(Beginning of Dataset content)

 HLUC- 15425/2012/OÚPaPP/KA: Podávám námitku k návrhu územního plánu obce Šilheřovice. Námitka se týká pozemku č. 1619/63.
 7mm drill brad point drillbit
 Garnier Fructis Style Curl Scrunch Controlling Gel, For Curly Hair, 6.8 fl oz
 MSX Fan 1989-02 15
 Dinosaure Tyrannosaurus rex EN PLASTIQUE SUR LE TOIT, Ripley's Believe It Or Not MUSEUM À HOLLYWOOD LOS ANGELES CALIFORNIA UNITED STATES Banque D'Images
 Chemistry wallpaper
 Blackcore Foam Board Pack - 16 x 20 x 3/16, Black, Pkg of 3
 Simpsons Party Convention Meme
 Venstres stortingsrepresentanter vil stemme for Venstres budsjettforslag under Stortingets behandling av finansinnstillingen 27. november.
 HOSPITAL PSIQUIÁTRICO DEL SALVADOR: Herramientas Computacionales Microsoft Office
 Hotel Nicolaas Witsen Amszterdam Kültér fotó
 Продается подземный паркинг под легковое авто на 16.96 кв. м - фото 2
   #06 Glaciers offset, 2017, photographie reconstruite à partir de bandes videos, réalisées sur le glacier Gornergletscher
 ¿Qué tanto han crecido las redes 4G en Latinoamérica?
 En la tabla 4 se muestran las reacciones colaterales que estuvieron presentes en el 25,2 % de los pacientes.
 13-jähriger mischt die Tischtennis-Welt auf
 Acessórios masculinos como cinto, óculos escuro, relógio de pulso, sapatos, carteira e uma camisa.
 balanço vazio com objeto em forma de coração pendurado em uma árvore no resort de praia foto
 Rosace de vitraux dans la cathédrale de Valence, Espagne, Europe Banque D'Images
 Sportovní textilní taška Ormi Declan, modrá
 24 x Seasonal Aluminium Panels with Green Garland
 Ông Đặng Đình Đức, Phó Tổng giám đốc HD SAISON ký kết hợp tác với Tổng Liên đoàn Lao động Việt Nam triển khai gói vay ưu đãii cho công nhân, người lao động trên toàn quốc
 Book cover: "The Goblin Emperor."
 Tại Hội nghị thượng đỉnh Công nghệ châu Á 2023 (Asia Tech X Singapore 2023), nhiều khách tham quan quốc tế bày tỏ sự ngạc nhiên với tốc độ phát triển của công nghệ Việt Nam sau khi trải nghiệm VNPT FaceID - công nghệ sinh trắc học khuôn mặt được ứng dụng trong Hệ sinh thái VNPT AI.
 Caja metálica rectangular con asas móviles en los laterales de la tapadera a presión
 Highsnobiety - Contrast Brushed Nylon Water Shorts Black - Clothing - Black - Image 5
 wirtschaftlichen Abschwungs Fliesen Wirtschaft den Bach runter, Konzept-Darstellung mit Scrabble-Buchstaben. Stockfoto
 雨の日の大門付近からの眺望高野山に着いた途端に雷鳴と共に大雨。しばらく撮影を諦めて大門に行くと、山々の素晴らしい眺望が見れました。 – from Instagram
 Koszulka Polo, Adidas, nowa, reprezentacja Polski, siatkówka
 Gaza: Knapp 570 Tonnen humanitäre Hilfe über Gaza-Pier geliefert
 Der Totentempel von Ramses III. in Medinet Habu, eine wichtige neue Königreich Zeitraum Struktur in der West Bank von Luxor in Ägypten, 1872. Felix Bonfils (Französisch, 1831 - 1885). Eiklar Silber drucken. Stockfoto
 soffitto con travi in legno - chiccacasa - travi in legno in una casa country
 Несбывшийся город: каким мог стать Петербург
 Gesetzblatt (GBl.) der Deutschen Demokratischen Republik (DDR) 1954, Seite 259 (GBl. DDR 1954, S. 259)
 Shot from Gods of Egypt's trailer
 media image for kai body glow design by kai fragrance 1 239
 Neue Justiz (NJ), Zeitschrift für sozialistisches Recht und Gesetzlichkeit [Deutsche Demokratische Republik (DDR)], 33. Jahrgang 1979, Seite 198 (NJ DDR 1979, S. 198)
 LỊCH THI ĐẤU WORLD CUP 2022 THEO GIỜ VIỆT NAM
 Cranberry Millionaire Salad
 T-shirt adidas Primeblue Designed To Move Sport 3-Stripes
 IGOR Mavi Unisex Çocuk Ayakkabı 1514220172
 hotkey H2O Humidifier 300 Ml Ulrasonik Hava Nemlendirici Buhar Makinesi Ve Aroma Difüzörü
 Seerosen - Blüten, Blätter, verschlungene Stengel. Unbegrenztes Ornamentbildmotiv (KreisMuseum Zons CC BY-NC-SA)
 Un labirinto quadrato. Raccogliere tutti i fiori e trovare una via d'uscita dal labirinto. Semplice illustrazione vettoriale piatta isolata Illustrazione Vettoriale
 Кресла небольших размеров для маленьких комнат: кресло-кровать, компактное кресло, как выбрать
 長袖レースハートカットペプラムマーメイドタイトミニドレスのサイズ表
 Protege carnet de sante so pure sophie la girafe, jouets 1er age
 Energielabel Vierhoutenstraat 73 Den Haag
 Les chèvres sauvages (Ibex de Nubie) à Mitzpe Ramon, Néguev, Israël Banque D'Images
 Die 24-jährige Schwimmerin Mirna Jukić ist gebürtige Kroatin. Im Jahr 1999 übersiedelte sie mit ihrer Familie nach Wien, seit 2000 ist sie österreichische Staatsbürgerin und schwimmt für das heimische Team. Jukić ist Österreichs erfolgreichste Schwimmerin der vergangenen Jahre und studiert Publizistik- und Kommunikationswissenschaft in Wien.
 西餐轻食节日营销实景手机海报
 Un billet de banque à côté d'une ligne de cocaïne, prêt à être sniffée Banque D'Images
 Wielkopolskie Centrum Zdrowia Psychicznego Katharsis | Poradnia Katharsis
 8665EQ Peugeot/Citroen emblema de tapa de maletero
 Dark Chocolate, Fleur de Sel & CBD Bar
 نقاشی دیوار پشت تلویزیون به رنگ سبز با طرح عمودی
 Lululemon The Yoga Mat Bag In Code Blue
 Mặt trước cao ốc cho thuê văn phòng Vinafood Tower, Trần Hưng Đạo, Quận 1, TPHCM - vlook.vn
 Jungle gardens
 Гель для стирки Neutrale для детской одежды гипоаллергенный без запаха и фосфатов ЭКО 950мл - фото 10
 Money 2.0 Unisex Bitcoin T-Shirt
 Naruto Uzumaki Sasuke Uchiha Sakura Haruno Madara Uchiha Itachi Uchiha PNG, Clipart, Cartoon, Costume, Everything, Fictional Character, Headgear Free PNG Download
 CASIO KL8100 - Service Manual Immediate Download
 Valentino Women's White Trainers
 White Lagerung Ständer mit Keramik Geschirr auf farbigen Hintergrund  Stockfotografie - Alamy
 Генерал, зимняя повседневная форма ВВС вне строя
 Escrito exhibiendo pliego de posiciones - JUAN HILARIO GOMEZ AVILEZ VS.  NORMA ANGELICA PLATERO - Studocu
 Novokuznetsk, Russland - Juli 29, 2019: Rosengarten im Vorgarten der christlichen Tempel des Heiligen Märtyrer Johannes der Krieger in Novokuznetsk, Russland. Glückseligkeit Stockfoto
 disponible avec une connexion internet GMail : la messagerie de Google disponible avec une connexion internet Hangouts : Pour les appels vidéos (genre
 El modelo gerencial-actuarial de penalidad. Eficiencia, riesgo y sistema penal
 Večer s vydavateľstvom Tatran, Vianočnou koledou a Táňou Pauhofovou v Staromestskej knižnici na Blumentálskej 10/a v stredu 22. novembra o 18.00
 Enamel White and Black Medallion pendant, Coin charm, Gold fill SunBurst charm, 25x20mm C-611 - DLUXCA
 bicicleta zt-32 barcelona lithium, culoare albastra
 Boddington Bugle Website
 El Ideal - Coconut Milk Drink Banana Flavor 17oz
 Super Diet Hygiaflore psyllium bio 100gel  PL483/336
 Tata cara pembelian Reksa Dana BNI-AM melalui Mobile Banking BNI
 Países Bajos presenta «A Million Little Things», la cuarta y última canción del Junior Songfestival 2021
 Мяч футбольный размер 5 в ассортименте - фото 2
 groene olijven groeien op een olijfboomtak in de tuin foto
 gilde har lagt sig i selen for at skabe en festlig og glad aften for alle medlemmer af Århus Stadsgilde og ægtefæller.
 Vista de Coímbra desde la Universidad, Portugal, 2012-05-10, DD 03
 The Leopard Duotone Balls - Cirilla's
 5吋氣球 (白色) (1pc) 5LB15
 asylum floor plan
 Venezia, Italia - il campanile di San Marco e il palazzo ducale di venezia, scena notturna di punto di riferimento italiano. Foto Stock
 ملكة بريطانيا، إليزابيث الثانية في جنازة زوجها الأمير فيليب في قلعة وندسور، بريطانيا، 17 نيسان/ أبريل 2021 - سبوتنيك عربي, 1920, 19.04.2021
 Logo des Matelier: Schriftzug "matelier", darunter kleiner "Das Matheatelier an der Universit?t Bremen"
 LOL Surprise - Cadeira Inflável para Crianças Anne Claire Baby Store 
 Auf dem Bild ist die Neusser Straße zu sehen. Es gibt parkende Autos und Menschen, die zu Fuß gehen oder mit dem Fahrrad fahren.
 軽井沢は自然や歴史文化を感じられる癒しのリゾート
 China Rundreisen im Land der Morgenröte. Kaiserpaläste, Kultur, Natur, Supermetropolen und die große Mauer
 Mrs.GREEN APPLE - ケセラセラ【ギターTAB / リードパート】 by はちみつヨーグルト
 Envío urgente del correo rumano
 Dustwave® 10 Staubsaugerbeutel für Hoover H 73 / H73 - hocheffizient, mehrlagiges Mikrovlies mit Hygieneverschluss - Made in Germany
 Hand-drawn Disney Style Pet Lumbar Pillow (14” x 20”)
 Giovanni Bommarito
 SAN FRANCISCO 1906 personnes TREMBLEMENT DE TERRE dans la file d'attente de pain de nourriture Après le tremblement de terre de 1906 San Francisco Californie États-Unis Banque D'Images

(End of Dataset content)

Which lines should be output? Exactly those from the first line of the data through the line containing "MSX Fan 1989-02 15", inclusive.

Solution to the problem:
 HLUC- 15425/2012/OÚPaPP/KA: Podávám námitku k návrhu územního plánu obce Šilheřovice. Námitka se týká pozemku č. 1619/63.
 7mm drill brad point drillbit
 Garnier Fructis Style Curl Scrunch Controlling Gel, For Curly Hair, 6.8 fl oz
 MSX Fan 1989-02 15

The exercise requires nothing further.